THE SUN CAME OUT!!!!! We are on day 2 now of lovely weather. It's so amazing to look out the window and see light instead of grey drizzle. Yesterday Ethan and I went over to Seattle Center. There were tons of people out, sunbathing, playing in the fountain, walking around and smiling. I fully expected people to break out in song and dance. We all just grinned widely instead.
And, since I'm no longer nursing/pumping, I was able to remove the bookshelf-window barricade that I'd had to put up in my office, so now I have actual light coming through the window from the reception area as well as through my outside window. What a difference, to be able to see out again!
It's really weird to no longer be nursing at all though. I've been a pregnant or nursing mom for a long time, and it's strange to no longer fit in that category. And to not be sure if I'm ever going to be in either of those categories again. I really have no idea what we're going to do in the future. I'd still really like to adopt, but as Ethan grows up, Daniel's wanting a baby more and more.

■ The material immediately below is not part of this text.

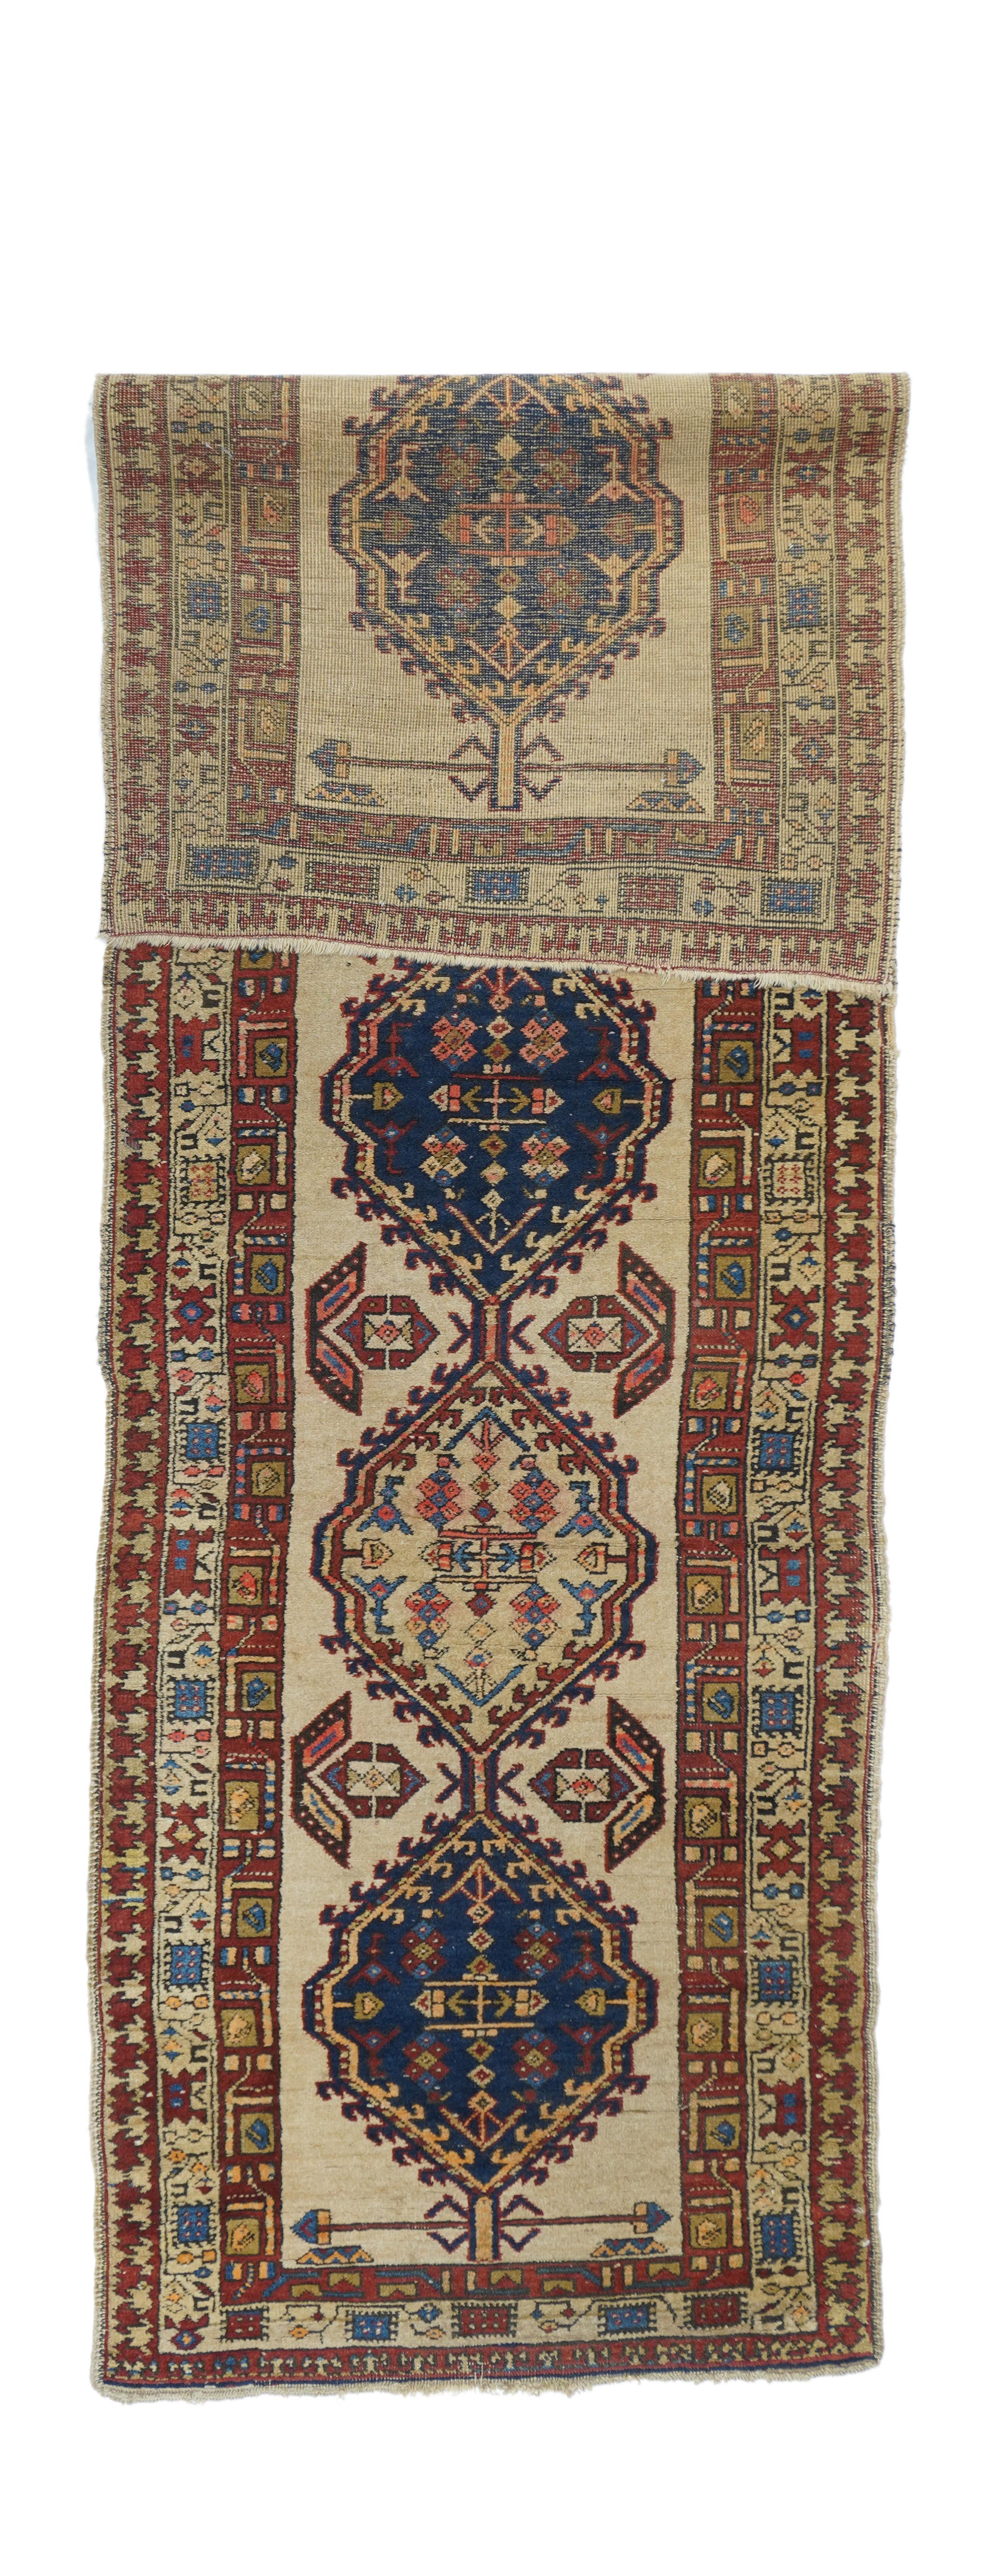 The milky camel field shows a pole medallion of five cartouches alternating in dark blue and straw, with hooked edges and stylized floral lateral fillers. Main border with fringed squares and formal stems, outer  Firm weave, medium weave.Red and

I'm not sure I could go through pregnancy again, but I'm also not sure if I can handle the emotions of adopting. This isn't really the time to worry about it though, so we're just going to keep praying and talking about our options and we'll decide later.
Yesterday was my church moms' group meeting- have I mentioned how much I love those women? It was a small group yesterday, and I was finally honest with them about how much I've been struggling lately. They were so encouraging and prayed with me and I feel so much better today. Prayer+ sunshine=a very good thing.